Effective Date: January 22, 1999
Parties:

Alpha Microsystems

Sectors: Computer Hardware
Governing Law:  New York
EXHIBIT 4.10


PREFERRED SHAREHOLDER AGREEMENT


This Preferred Shareholder Agreement, (the "Agreement"), dated as of January 22, 1999, is by and between Alpha Microsystems, a California corporation (the "Company") and the sole holder (the "Holder") of shares of the Company's issued and outstanding Class A Cumulative, Redeemable and Exchangeable Preferred Stock (the "Class A Preferred Stock") and Class B Cumulative, Redeemable and Exchangeable Preferred Stock (the "Class B Preferred Stock").

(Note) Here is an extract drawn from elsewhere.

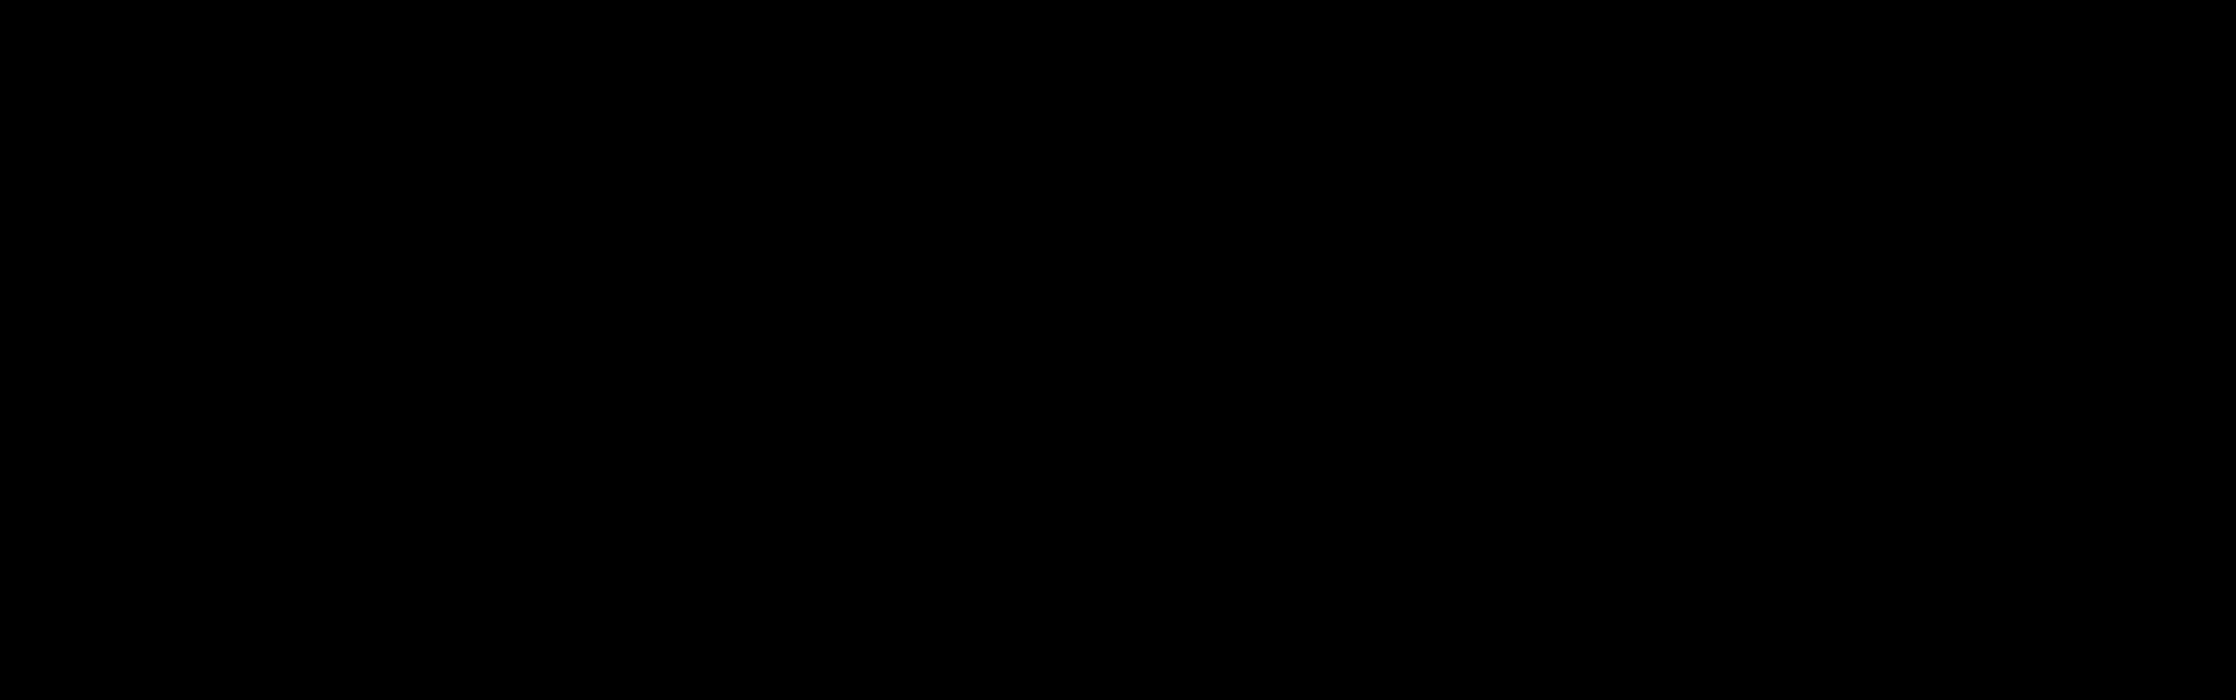 (E)-N-(4-Methoxy-d<sub>3</sub> 3-methoxyphenyl)-3-(3-(3,4,5-trimethoxyphenyl)-1H-pyrazol-5-yl)acrylamide

WHEREAS, the Nasdaq Stock Market believes that the Company no longer has net tangible assets of at least $4,000,000, as required for continued listing on the Nasdaq National Market;


WHEREAS, the Company has been informed by its independent accountants that the mandatory redemption feature of its issued and outstanding Class A Preferred Stock and Class B Preferred Stock has caused $15,000,000 in Liquidation Value of such Preferred Stock to be treated as redeemable stock and thereby classified other than as stockholder's equity pursuant to interpretations of the Securities and Exchange Commission; thereby causing the Company's net tangible assets to fall below $4,000,000;


WHEREAS, the Company and the Holder have agreed to exchange the outstanding Preferred Stock for shares of the Company's Class A1 Cumulative, Redeemable and Exchangeable Preferred Stock (the "Class A1 Preferred Stock"), Class A2 Cumulative, Redeemable and Exchangeable Preferred Stock (the "Class A2 Preferred Stock") and Class B1 Cumulative, Redeemable and Exchangeable Preferred Stock (the "Class B1 Preferred Stock"), in each case having the rights, preferences, privileges and restrictions set forth in the Certificate of Determination of Rights and Preferences attached hereto as Exhibit A (the "Certificate of Determination");


WHEREAS, the Company's independent accountants have confirmed that the foregoing exchange will permit $12,500,000 in Liquidation Value of such Class A1 Preferred Stock, Class A2 Preferred Stock and Class B1 Preferred Stock to be treated as stockholder's equity, such that the Company's reported net tangible assets, giving pro forma effect to the Certificate of Determination and the exchange contemplated hereunder as of November 22, 1998, would be $6,731,000; and


WHEREAS, the Board of Directors of the Company, in order to establish the new series of Preferred Stock and designate the terms thereof, will cause the Certificate of Determination to be filed with the Secretary of State of the State of California on or about January 25, 1999;


2


WHEREAS, the Company and the Holder desire to effect the exchange contemplated hereunder as of the date the Certificate of Determination becomes effective with the Secretary of State of the State of California;


NOW, THEREFORE, in consideration of the premises and mutual covenants and obligations hereinafter set forth, the Company and the Holder hereby agree as follows:


SECTION 1. Definitions. Capitalized terms used but not otherwise defined herein shall have the meaning given to them in the Certificate of Determination. As used in this Agreement, the following terms shall have the following meanings:


"Dividend Referenc ...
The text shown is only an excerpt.